### [Activity]
Below are entries; output exactly the lines from the one with "Groep bloeiende glanzende gele bloemen" to the one with "http://www.oddpla.net/blog/dolls/sarah/pretty/100_5785.JPG", both included, and nothing else.

### [The input]
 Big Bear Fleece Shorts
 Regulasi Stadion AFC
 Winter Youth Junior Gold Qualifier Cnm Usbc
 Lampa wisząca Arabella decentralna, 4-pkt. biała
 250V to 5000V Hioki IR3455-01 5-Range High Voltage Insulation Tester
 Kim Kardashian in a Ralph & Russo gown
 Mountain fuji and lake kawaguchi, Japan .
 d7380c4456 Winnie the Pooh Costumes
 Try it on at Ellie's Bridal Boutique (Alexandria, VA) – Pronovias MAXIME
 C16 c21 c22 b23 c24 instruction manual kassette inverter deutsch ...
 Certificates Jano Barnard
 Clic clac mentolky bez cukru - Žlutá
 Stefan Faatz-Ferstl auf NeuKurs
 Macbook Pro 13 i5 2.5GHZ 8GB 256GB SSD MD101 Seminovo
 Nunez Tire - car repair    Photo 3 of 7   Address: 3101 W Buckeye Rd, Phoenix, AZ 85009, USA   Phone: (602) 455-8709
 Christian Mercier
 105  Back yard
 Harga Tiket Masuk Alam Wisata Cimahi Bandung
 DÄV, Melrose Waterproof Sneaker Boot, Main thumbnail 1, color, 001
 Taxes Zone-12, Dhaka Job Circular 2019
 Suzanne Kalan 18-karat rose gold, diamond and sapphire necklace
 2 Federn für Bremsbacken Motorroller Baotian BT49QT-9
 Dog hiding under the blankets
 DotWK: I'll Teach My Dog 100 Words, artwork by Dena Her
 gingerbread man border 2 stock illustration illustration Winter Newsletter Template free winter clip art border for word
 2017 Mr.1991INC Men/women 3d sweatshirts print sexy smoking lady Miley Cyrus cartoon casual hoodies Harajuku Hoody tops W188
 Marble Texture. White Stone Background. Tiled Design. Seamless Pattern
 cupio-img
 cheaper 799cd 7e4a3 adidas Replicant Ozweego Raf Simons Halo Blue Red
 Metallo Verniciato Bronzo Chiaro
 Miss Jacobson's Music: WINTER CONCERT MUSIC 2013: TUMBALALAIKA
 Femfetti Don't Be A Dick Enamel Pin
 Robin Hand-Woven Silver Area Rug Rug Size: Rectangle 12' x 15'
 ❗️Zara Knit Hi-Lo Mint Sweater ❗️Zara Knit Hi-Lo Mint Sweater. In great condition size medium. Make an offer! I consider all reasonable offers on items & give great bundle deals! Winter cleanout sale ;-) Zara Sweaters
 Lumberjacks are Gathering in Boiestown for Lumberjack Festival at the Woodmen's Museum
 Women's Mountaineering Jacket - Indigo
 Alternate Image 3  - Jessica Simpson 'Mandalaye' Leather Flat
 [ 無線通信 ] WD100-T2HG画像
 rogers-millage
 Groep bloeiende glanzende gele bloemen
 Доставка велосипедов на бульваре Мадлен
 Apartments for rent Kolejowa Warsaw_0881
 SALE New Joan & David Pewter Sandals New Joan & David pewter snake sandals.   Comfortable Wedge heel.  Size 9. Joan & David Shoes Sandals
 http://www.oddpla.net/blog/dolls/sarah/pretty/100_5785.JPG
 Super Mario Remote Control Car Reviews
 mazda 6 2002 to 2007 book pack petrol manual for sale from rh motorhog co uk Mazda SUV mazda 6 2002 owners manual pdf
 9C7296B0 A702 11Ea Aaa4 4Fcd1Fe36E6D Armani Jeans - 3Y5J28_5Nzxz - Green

### [Written answer]
 Groep bloeiende glanzende gele bloemen
 Доставка велосипедов на бульваре Мадлен
 Apartments for rent Kolejowa Warsaw_0881
 SALE New Joan & David Pewter Sandals New Joan & David pewter snake sandals.   Comfortable Wedge heel.  Size 9. Joan & David Shoes Sandals
 http://www.oddpla.net/blog/dolls/sarah/pretty/100_5785.JPG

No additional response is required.